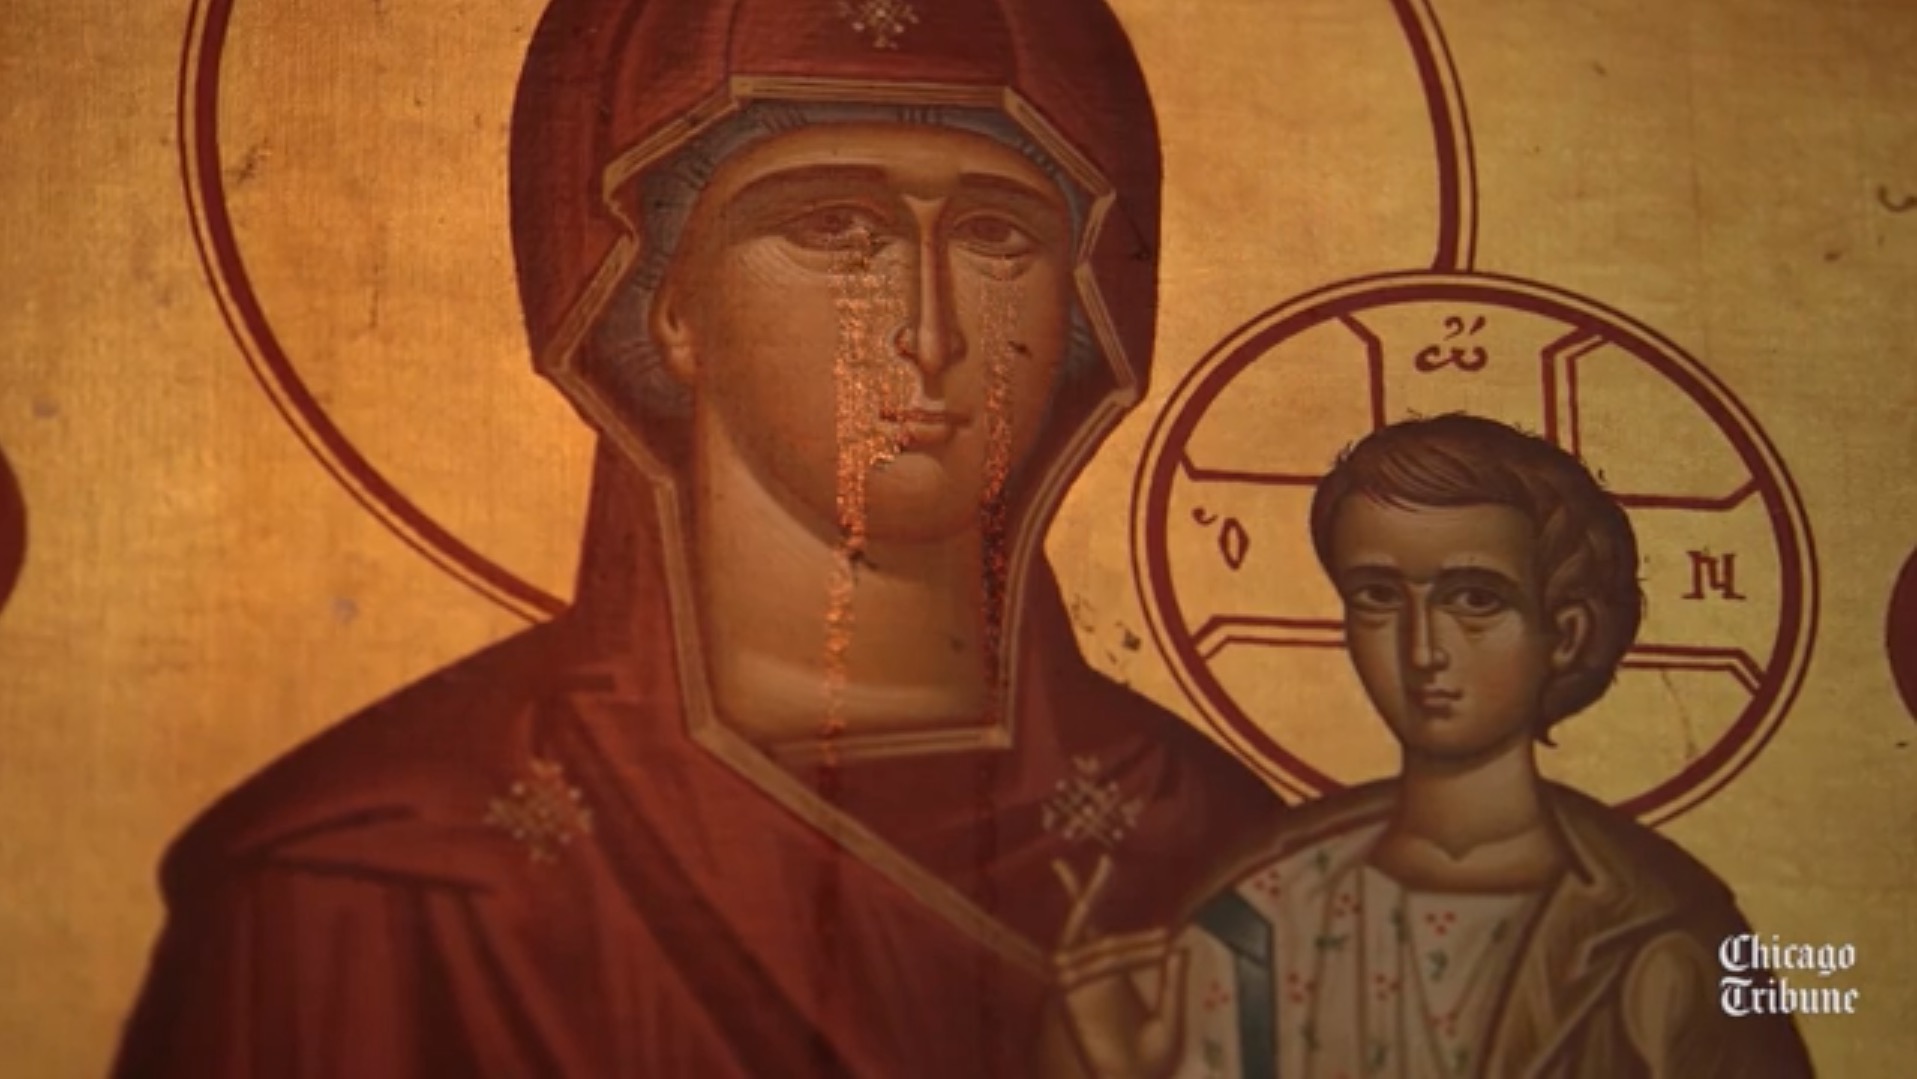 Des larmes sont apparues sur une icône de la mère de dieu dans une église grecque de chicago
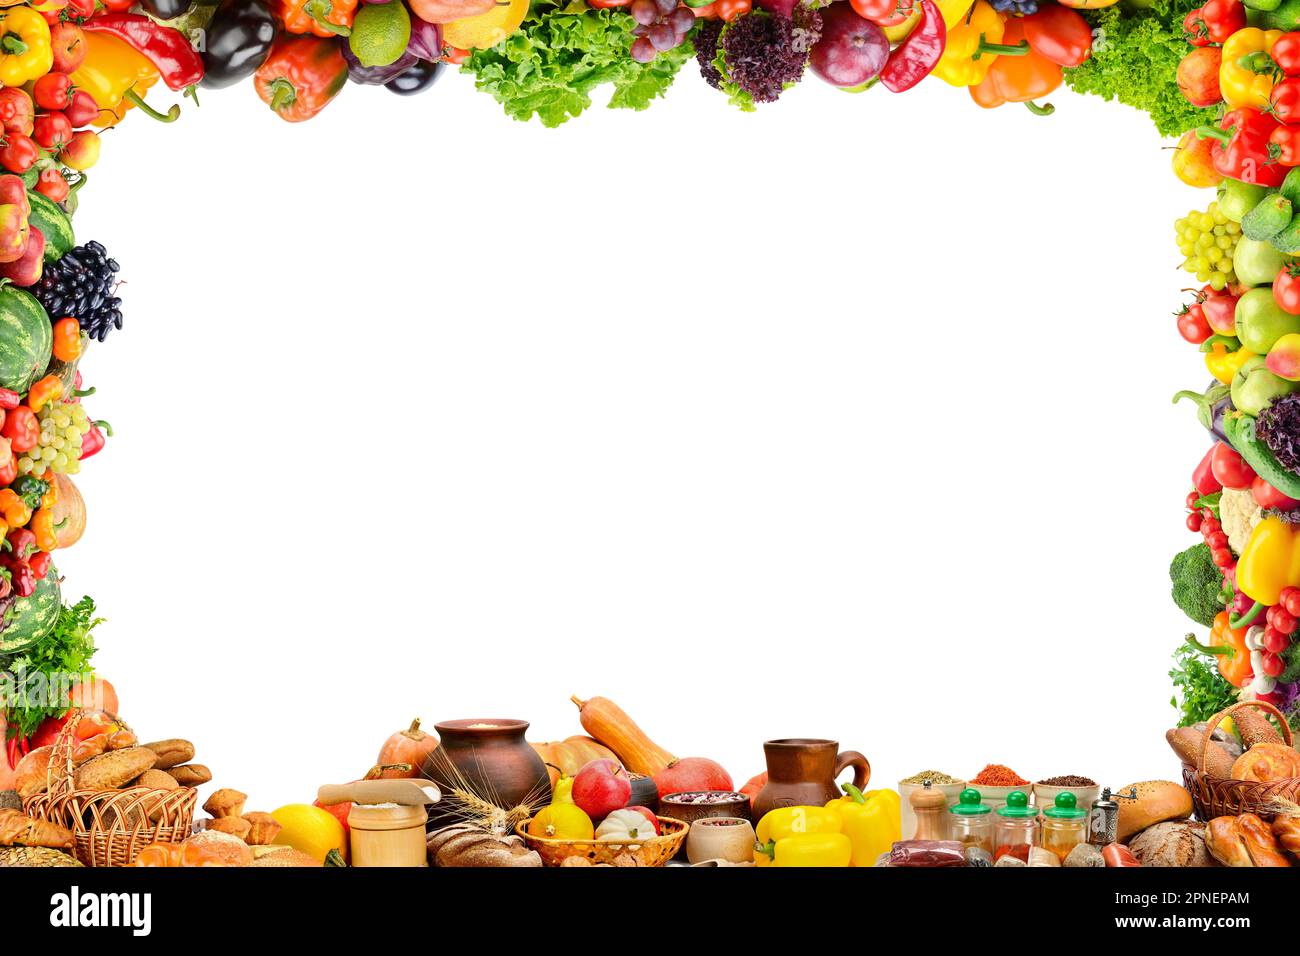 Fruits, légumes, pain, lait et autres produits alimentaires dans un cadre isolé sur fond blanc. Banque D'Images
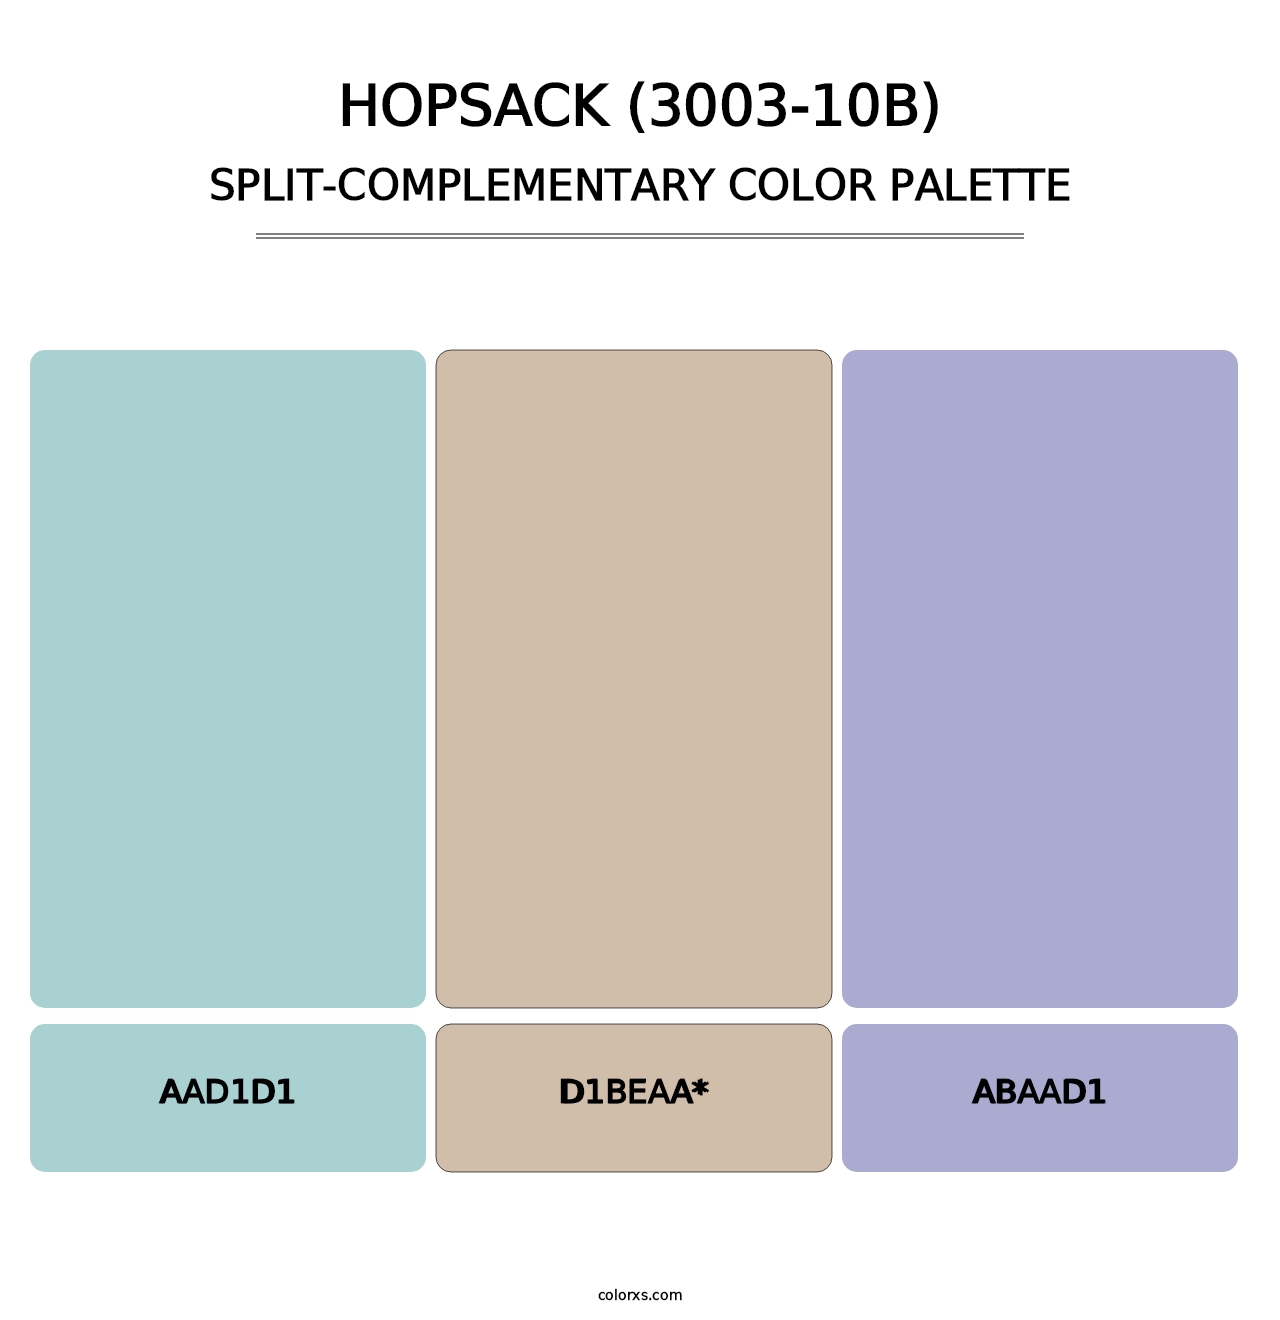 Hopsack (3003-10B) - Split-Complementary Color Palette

What is expected: Exactly reproduce the lines that run from the first line of the listing above to the line containing "Fruits, légumes, pain, lait", including both; omit the pictures.

The completed task:
 Des larmes sont apparues sur une icône de la mère de dieu dans une église grecque de chicago
 Fruits, légumes, pain, lait et autres produits alimentaires dans un cadre isolé sur fond blanc. Banque D'Images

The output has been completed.